I am lucky to live in part of the country where we only have four terrestrial TV channels and digital reception is poor: who wants hundreds of channels of drivel when four is sufficient? Well, lots of people do, and your idea of drivel and mine are probably different. But looking idly at a TV guide this morning over breakfast, I was struck by the programme titles on a couple of satellite channels, all clamouring loudly for my three-minute attention span:
- Battle Stations, Battlefield Detectives, Great Crimes and Trials, Vanishings, Mega Disasters, In the Grip of Evil, Conversations with Killers, Cold Case Files, ...
- Real NCIS, Battlefront, Deep Jungle, Megastructures, Seconds from Disaster, One Year On, America's Hardest Prisons: Supermax, ...
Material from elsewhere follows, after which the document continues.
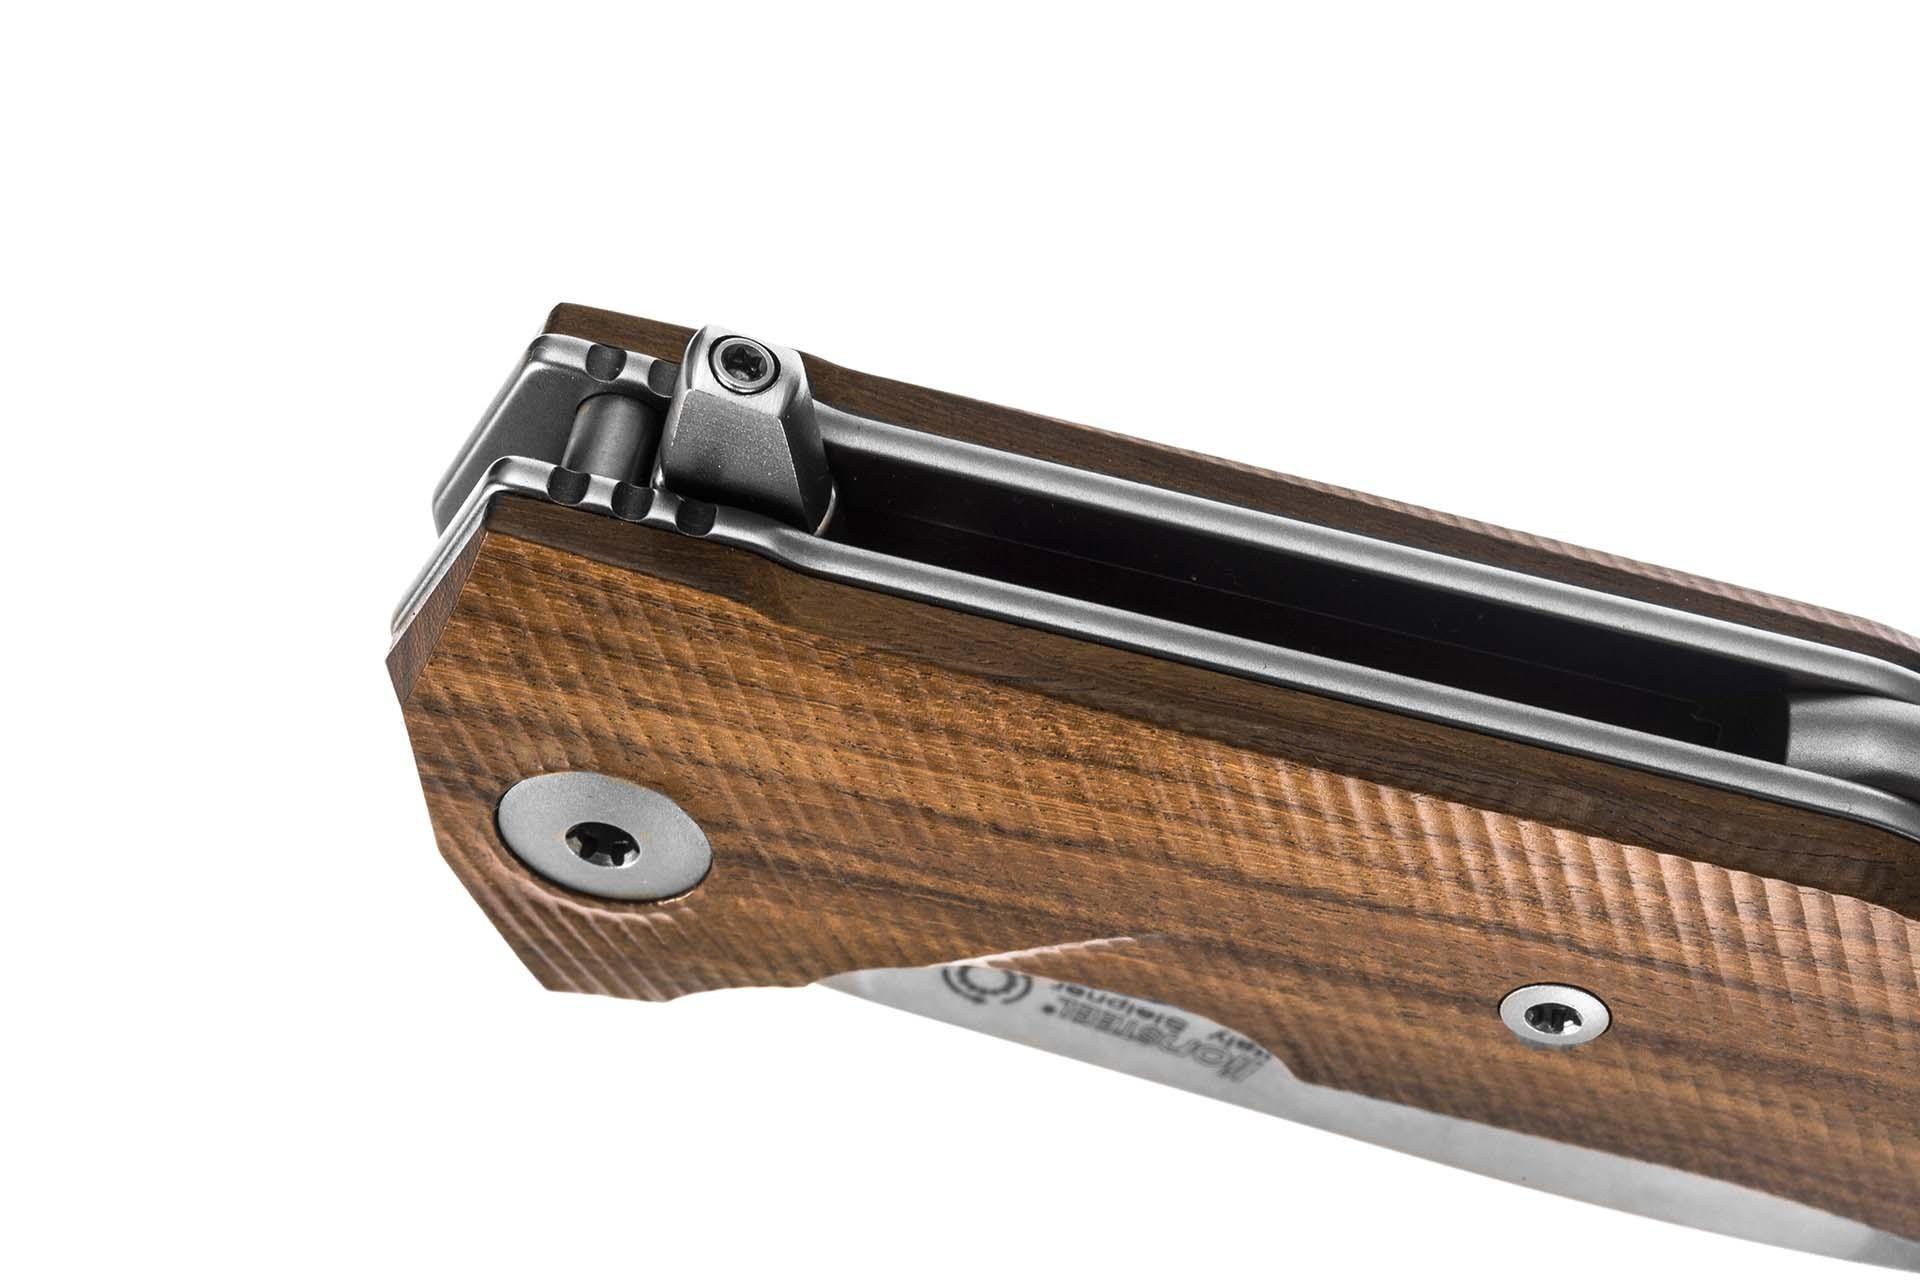 Фото 4 - Нож складной LionSteel KUR ST Santos Wood, сталь Stonewashed Uddeholm Sleipner®, рукоять палисандр от Lion Steel

Without being familiar with the content of the channels, I think you might find it rather hard to guess which was which: in fact, 1 is the History Channel and 2 is National Geographic.
My point is that by going for such needlessly sensationalist (and also undescriptive) titles, whoever thinks up the titles is not only underestimating the intelligence and discrimination of viewers, but also devaluing language: if everything has to be so "wow, look at me, I'm so exciting" - what words are left for things that really are significant and should be attention-getting? It's a bit like using the F word all the time in conversation (or your blog!), then having nothing satisfying to say when you hit your thumb with a hammer.